- Born: Edith Mary Dale 13 November 1877 Kanpur, British Raj
- Died: 30 November 1962 (aged 85) United Kingdom
- Spouse: Major Clifford Hugh Douglas
- Children: 1
- Parent: George Desborough Dale

= Edith Mary Douglas =

British engineer, shipyard director

Edith Mary Douglas (née Dale) (13 November 1877 – 30 November 1962) was a British engineer, shipyard director and the first woman to fly in an experimental bomber aircraft.

==Early life and marriage==
Edith Mary Dale was born in Kanpur, India. Her father was George Desborough Dale, and he worked in the Indian Civil Service. Douglas was sent home to school in England.

She married Major Clifford Hugh Douglas in 1915. She was his second wife and they had one daughter. Douglas was often referred to as Mrs C. H. Douglas, using the convention of adopting the husband's full name.
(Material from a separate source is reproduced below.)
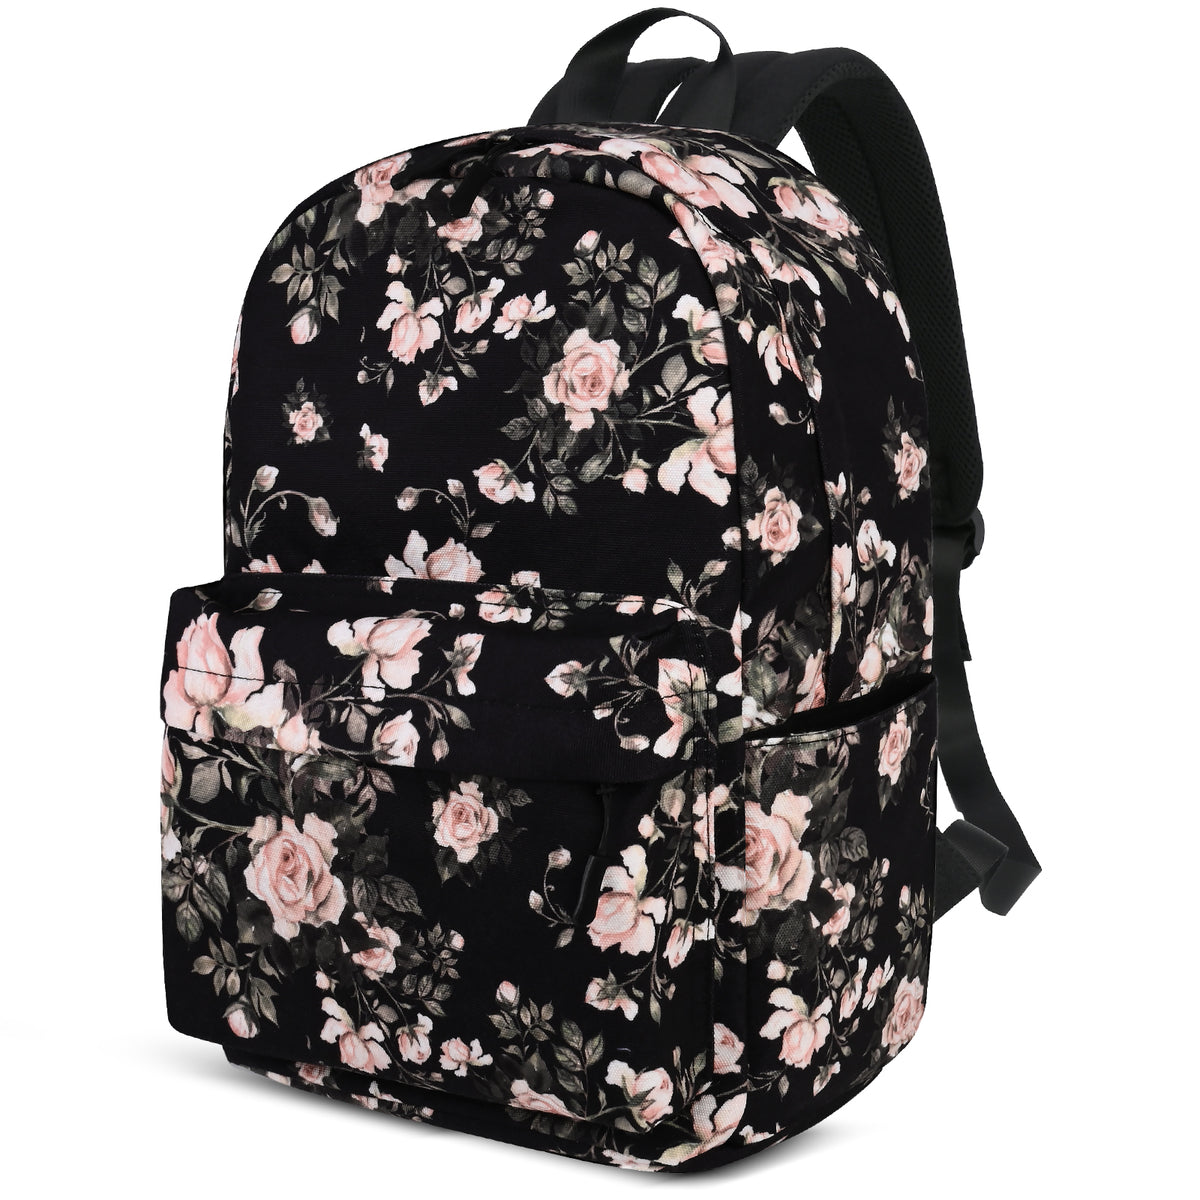 Canvas Backpack ,Washable Recycle Cotton 15.8 Inch Backpack for Women Fashion,Backpack for School (Black Flower)

== Entry into engineering circles ==
Through her husband Edith Douglas learned about engineering and finance. Her husband was one of the founders of the Social Credit movement during the 1920s.

He was Assistant Superintendent of the Royal Aircraft Factory Farnborough during the First World War. Douglas worked with her husband and got involved with the technical aspect of his work. As a result, Douglas was the first woman to fly in experimental bomber aircraft. She attended the 1926 World Engineering Conference in Tokyo and travelled around the world twice, and was considered a great raconteur about her travels.
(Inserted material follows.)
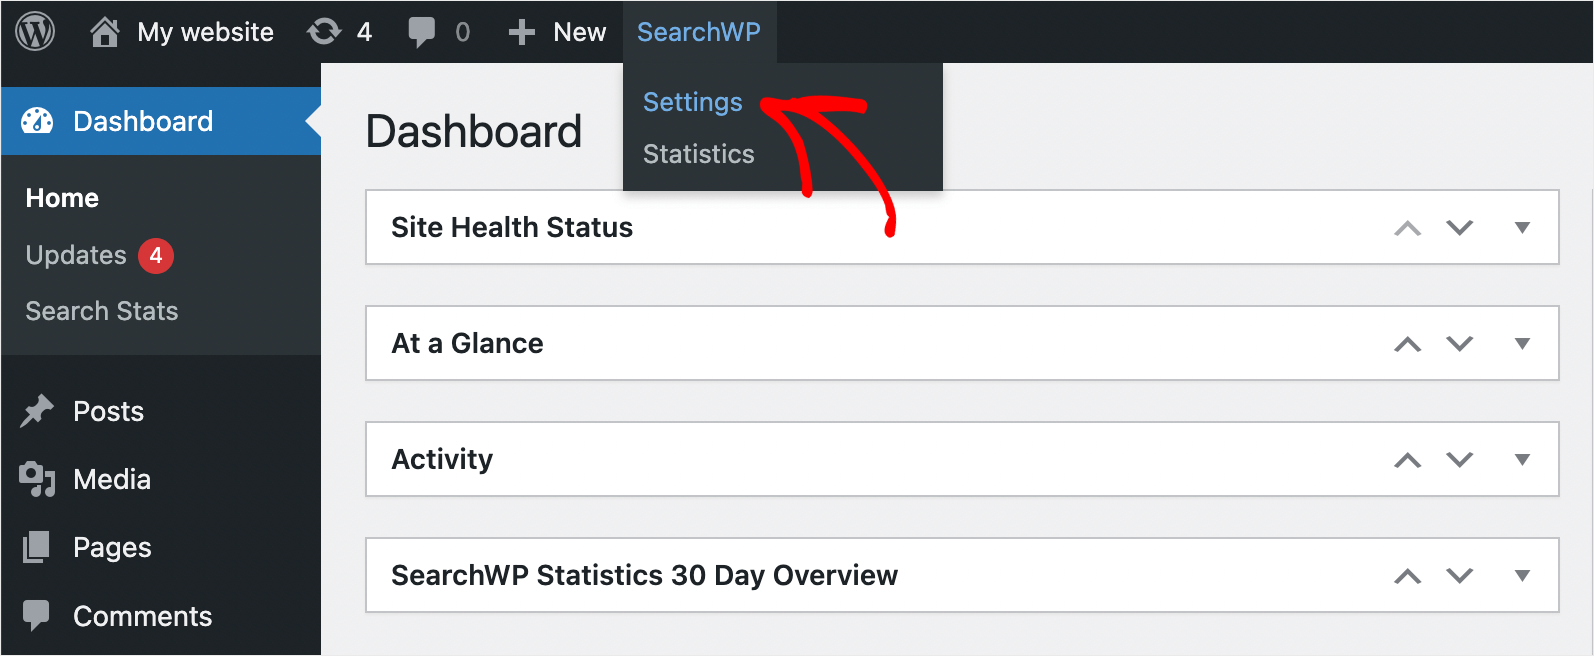 go over to the SearchWP settings

She became co-director of the Swanwick Shipyard (Hamble River Yacht & Engineering Co.) The shipyard worked on craft powered by sail, steam or motor, generated its own electricity and pumped its own water, and had a slipway for boats up to 250 tons. During the Second World War the company provided construction for small craft for the Admiralty.

Douglas was actively involved in establishing women's organisations.
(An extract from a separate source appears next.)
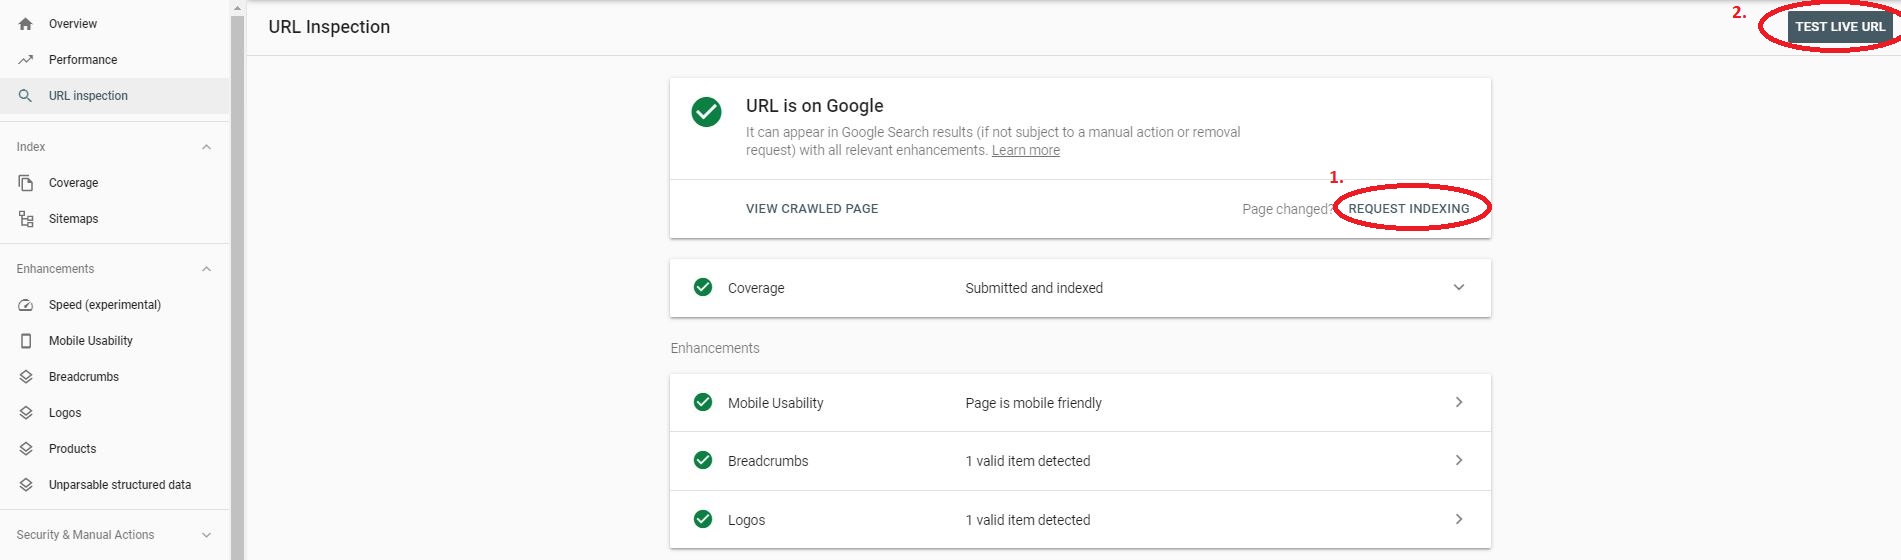 Search Console URLs page

== Women's Engineering Society ==
She became a member of the Women's Engineering Society in 1932, was elected vice president to celebrated pilot Amy Johnson when she held the presidential role, often stepping in when Johnson was unavailable. Edith Douglas became president of the society in 1938. She was succeeded in the role by Caroline Haslett and her vice president was electrical engineer Gertrude Entwisle. A 1937 article stated that the soon to be WES president “Mrs. Douglas… starts work most days round about 8 a.m. in Southampton ship-building yard which belongs to the company of which she a director. In a blue flannel suit and old yachting cap, this handsome, dark-eyed woman directs gangs of men and organises the business of the yard”. She told the interviewer that “more women should go in for planning yachts. Even though yachts do float, they are potential homes and as such should be planned from the woman’s point of view.”

Edith Douglas was a successful competitive sailor and yachtsman and won many prizes in regattas, owning a sloop named 'Enid'. She loved playing sport, particularly tennis and golf, and had a great sense of humour. After the end of the war, she retired and moved to Scotland.

Edith Mary Douglas died on 30 November 1962.